In both connect and disconnect, will we return an error if the sidecar is unable to update the CRD? Or since the CRD updates are batched and async, is that not possible?
If the sidecar can't update the CRD, is there a way to inform the game that there is an issue? Or will it just be silently swallowed by the sidecar and only visible in the sidecar logs?
@markmandel much better :) just typo playerDIs
in Connect.
@roberthbailey why might we not be able to update the CRD?
I think as this would all be async and the source of truth would be in memory (actually probably in the game I think). If for whatever reason an error would occur the gameplay code would need to handling it. The game itself doesnt really want an error if CRD isnt updated (my 2c). I would wait till next update time and try to set it again to the latest value.
In both connect and disconnect, will we return an error if the sidecar is unable to update the CRD? Or since the CRD updates are batched and async, is that not possible?
This is a good point. I will make a note on the design doc -- but this SDK implementation would match the other SDK methods. The functions are async in that they go into our standard workerqueue, and will retry until completed. The only differenec here being that they are enqueue'd one second in the future. So the execution may intermittently fail (say a master goes down for a short period), but will eventually pass on retry (unless something catastrophic occurs).
I think as this would all be async and the source of truth would be in memory.

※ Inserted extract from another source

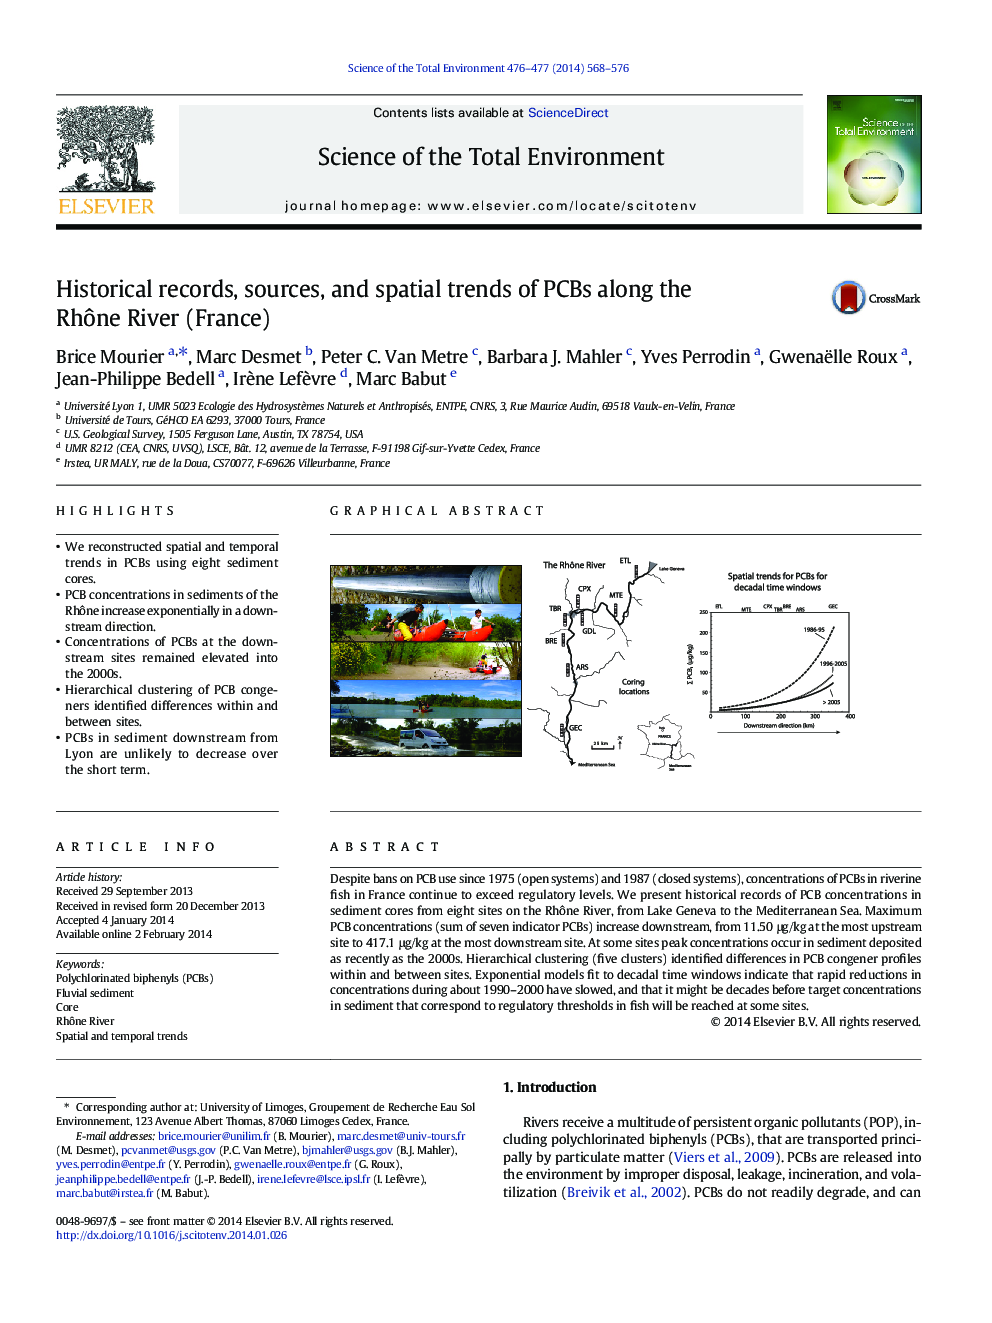 Historical records, sources, and spatial trends of PCBs along the Rhône River (France)

Exactly. Which is how we handle all GameServer changes from the SDK, and also why we have SDK methods that say that "this will always be accurate, even if the details haven't been stored on the CRD". So SDK.GetGameServer() will watch what is stored in the CRD, whereas SDK.Alpha.GetPlayerCount() (and related) will look at the local, in memory version, which is updated to the CRD on change.
This has been released in Alpha.
A heads up to @devjgm, @Reousa, @steven-supersolid, @mollstam, @dotcom , @drichardson who have been doing a lot of SDK work to include this. If you have cycles to work on adding these to your SDK of expertise, please let us know here.
Hey Mark! Thanks for the heads up, would be great to be able to contribute again! :)
Gave the issue a read, I see these have already been updated to the relevant proto files, so all that's needed is the relevant language implementation, yeah?
If my understanding is correct, consider it done (hopefully in a timely manner)! 👌
That's a good point - you will need to edit the gen.sh scripts such that they generate the code for the alpha.proto, and then yes -- implement the SDK over the top :+1:
Thanks!
Working on Node.js now
I'm going to suggest we close this ticket, since this has been released to alpha, and there is (mostly?) supported in the SDKs - and I think we can then track each of those as seperate tickets as needed.
Also #1677 is going to break all the things (will likely aim to tackle in the next release), so we can track the ongoing work there as well.
Sound good?
Closing as per the last comment (1.5 years ago).